TASK:
Each line of the material must be repeated precisely, with the pictures left out.

┌─ DATA SHOWN

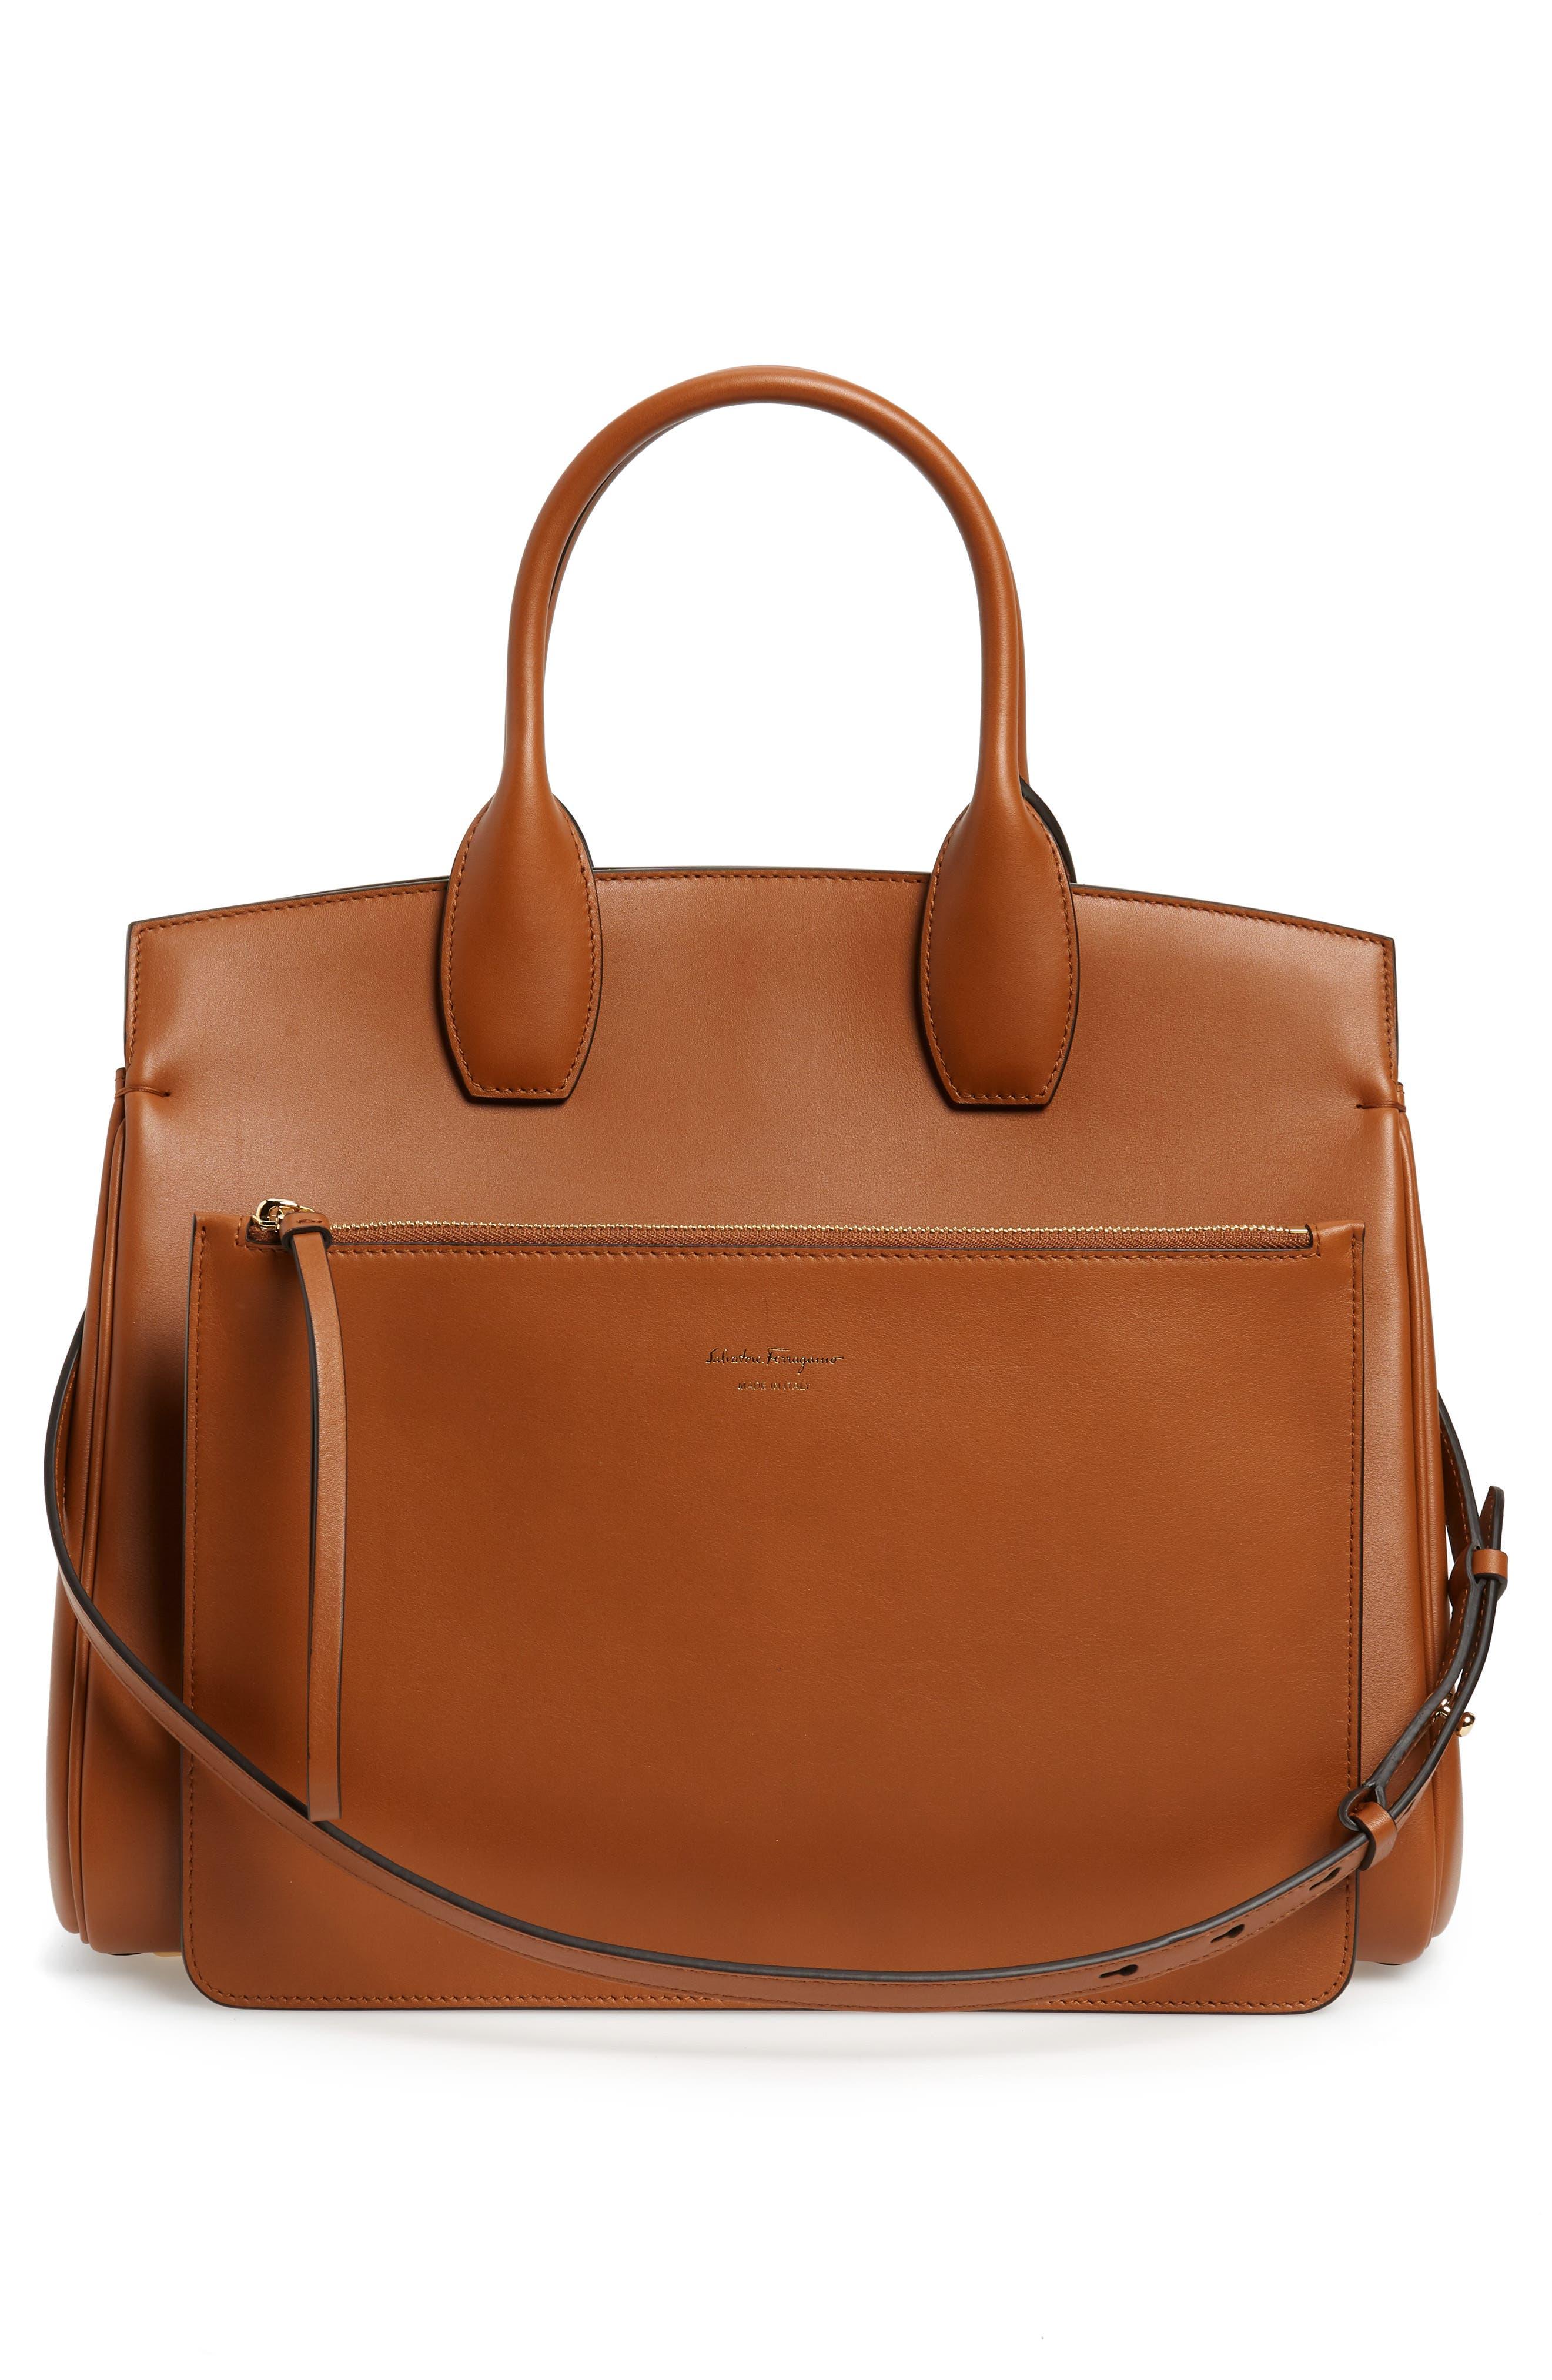 SALVATORE FERRAGAMO, Medium The Studio Calfskin Leather Top Handle Bag, Alternate thumbnail 3, color, SELLA
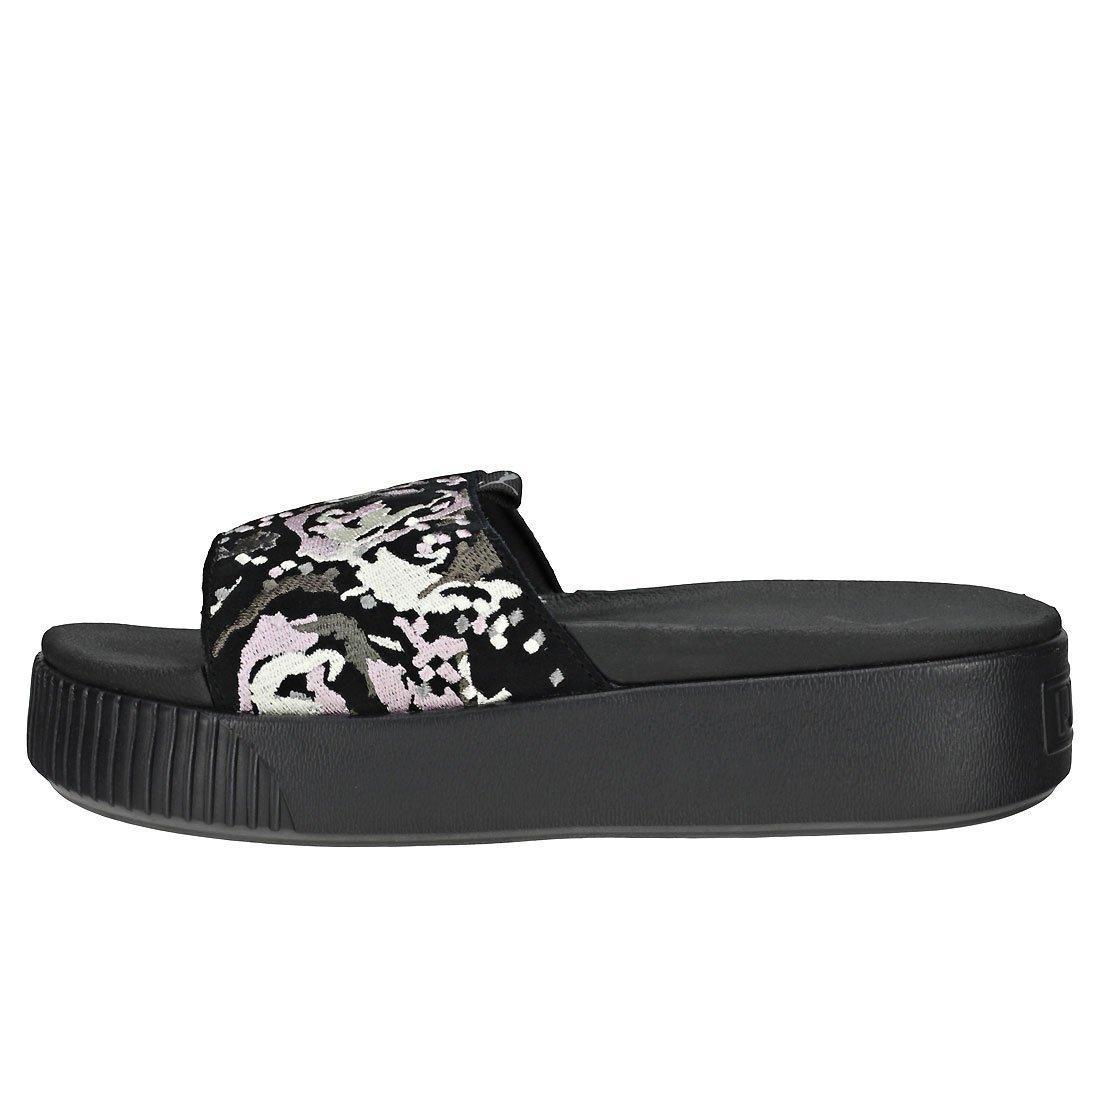 ba88013597b6 Puma Platform Digital Embroidery Womens Slide  Amazon.co.uk  Shoes   Bags
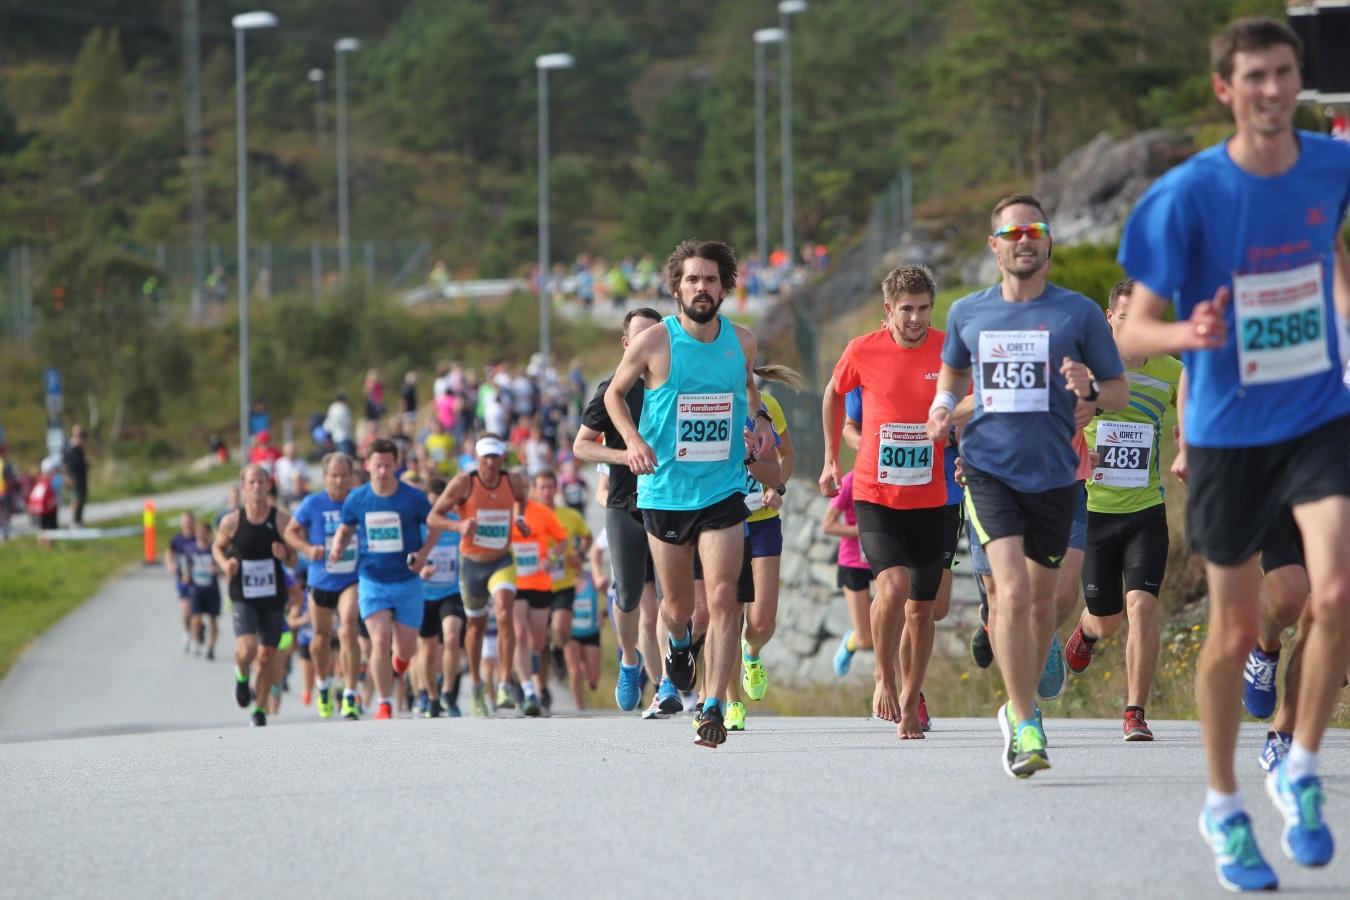 10k the classic race at Knarvikmila
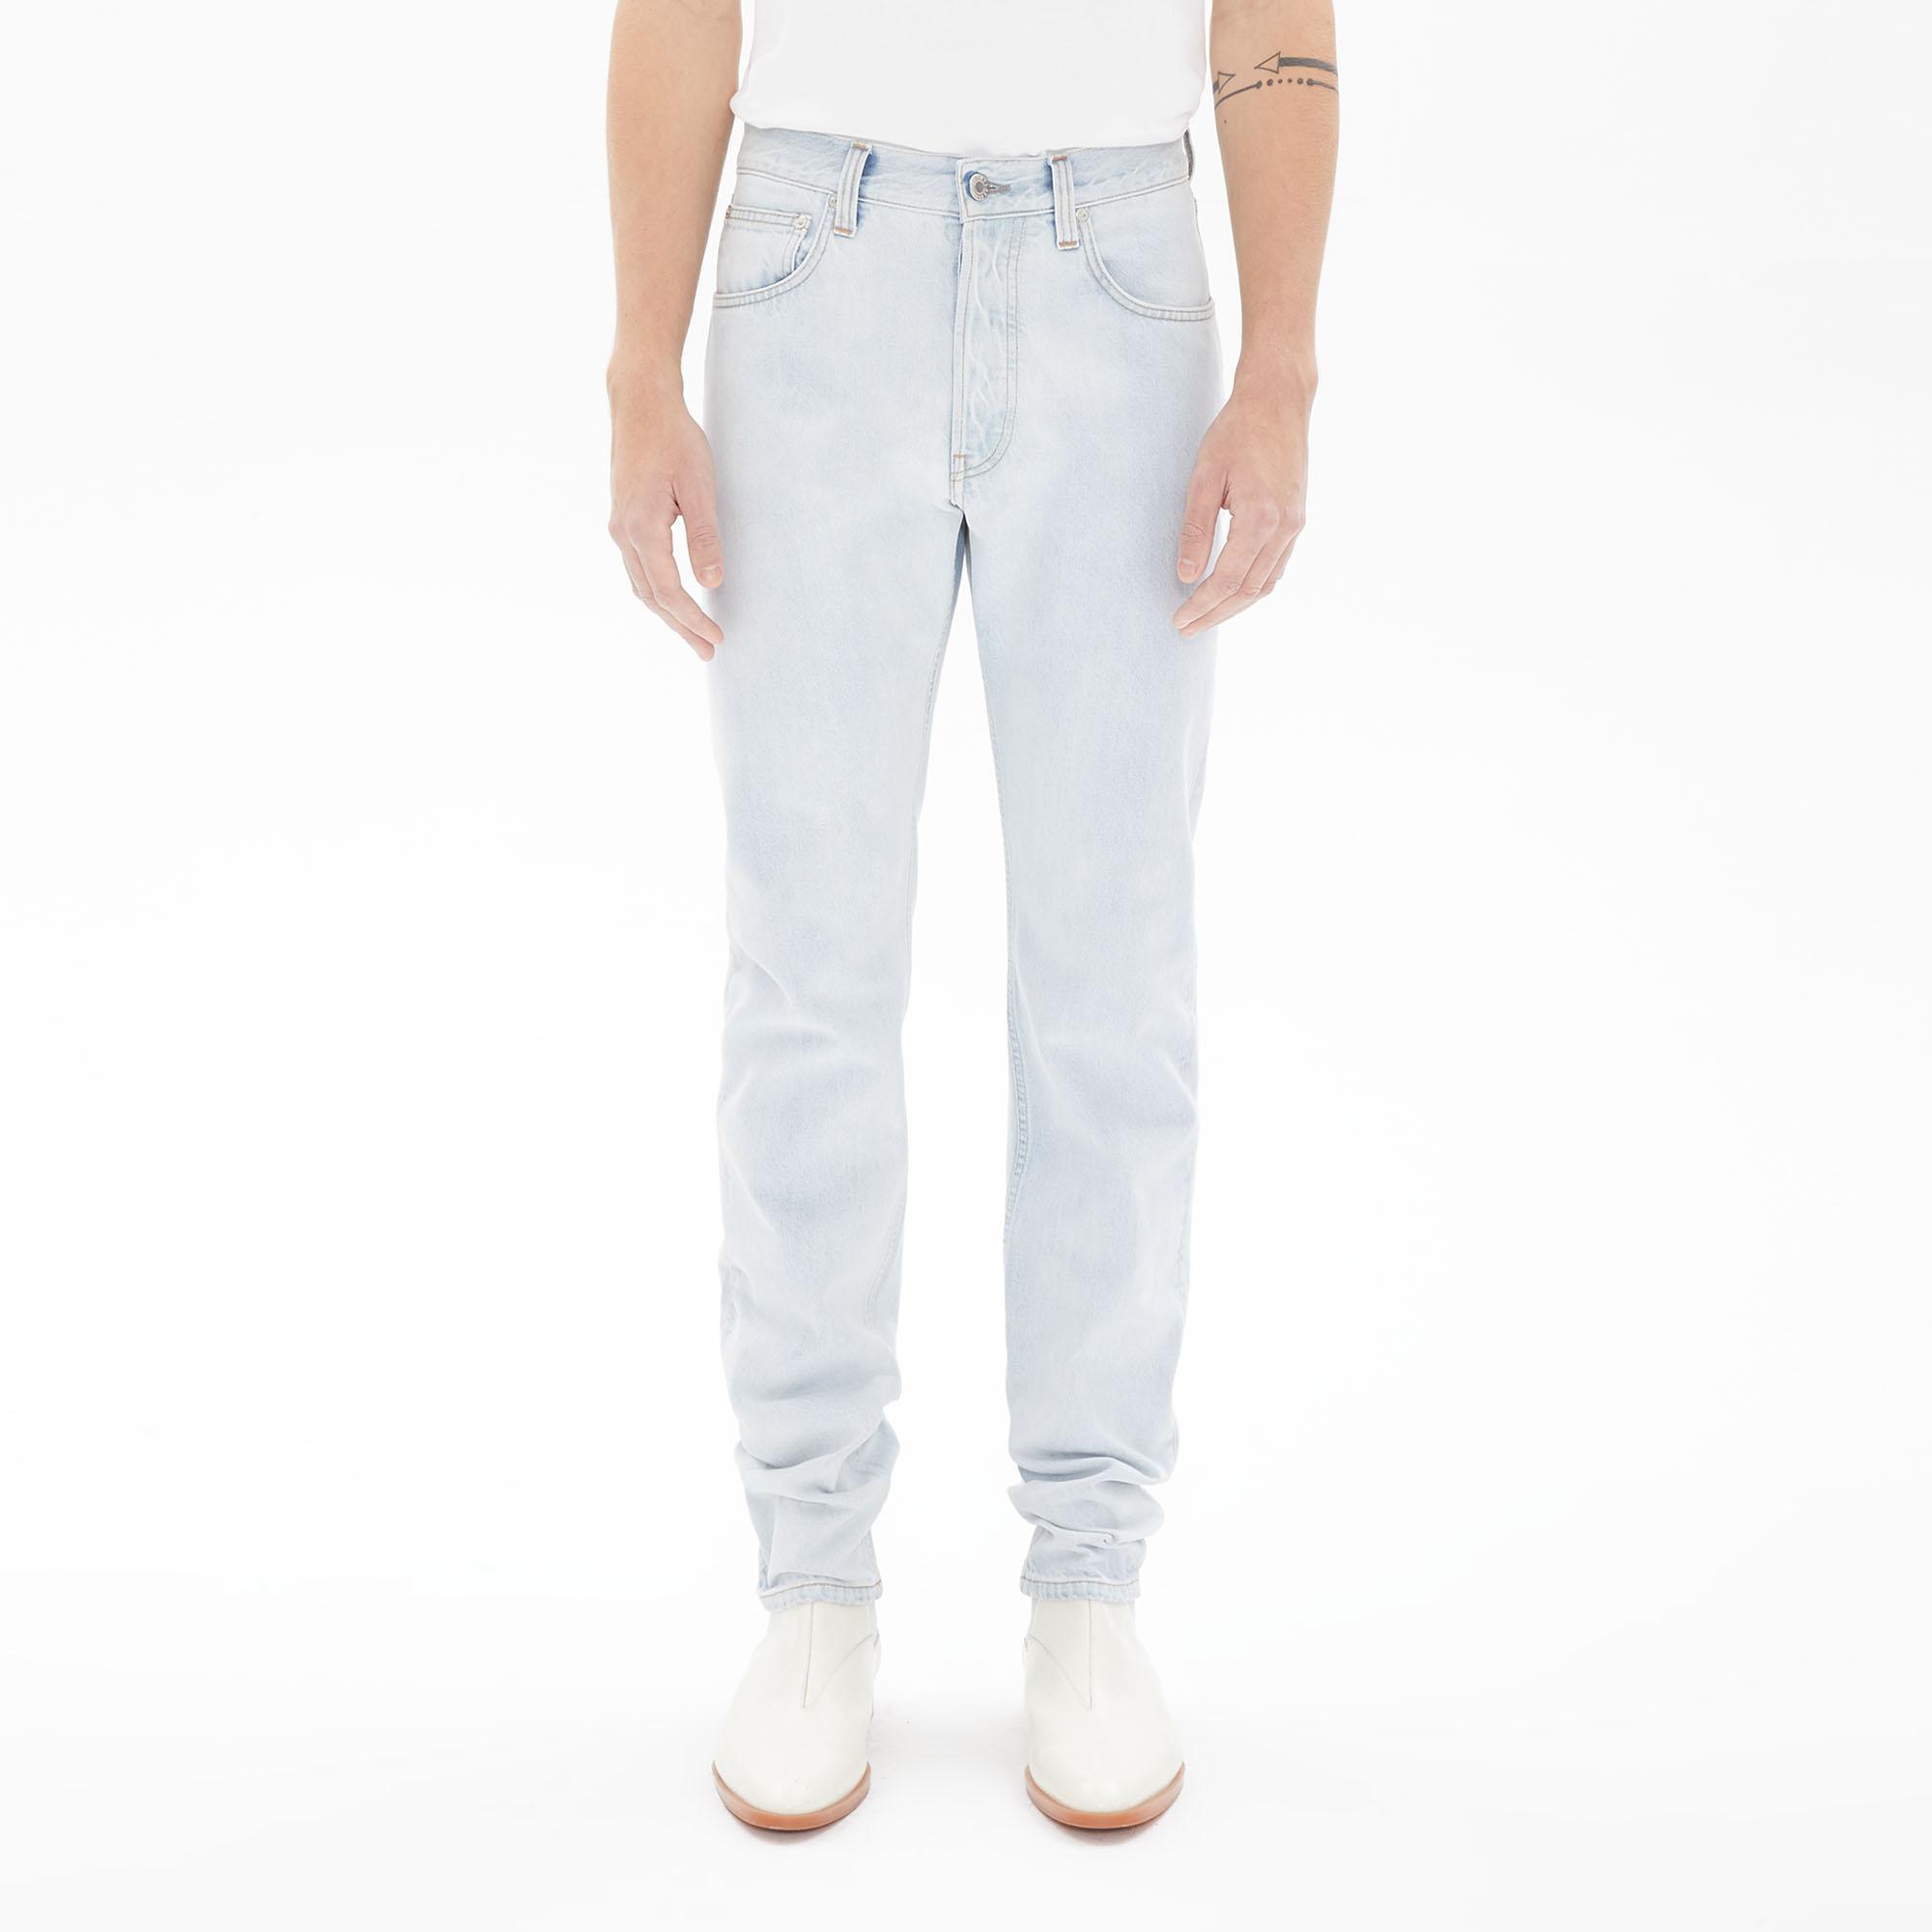 MASC HI STRAIGHT LEG JEANS by Helmut, available on helmutlang.com for ₹9800 Kim Kardashian Pants Exact Product

└─

ANSWER BOX:
 SALVATORE FERRAGAMO, Medium The Studio Calfskin Leather Top Handle Bag, Alternate thumbnail 3, color, SELLA
 ba88013597b6 Puma Platform Digital Embroidery Womens Slide  Amazon.co.uk  Shoes   Bags
 10k the classic race at Knarvikmila
 MASC HI STRAIGHT LEG JEANS by Helmut, available on helmutlang.com for ₹9800 Kim Kardashian Pants Exact Product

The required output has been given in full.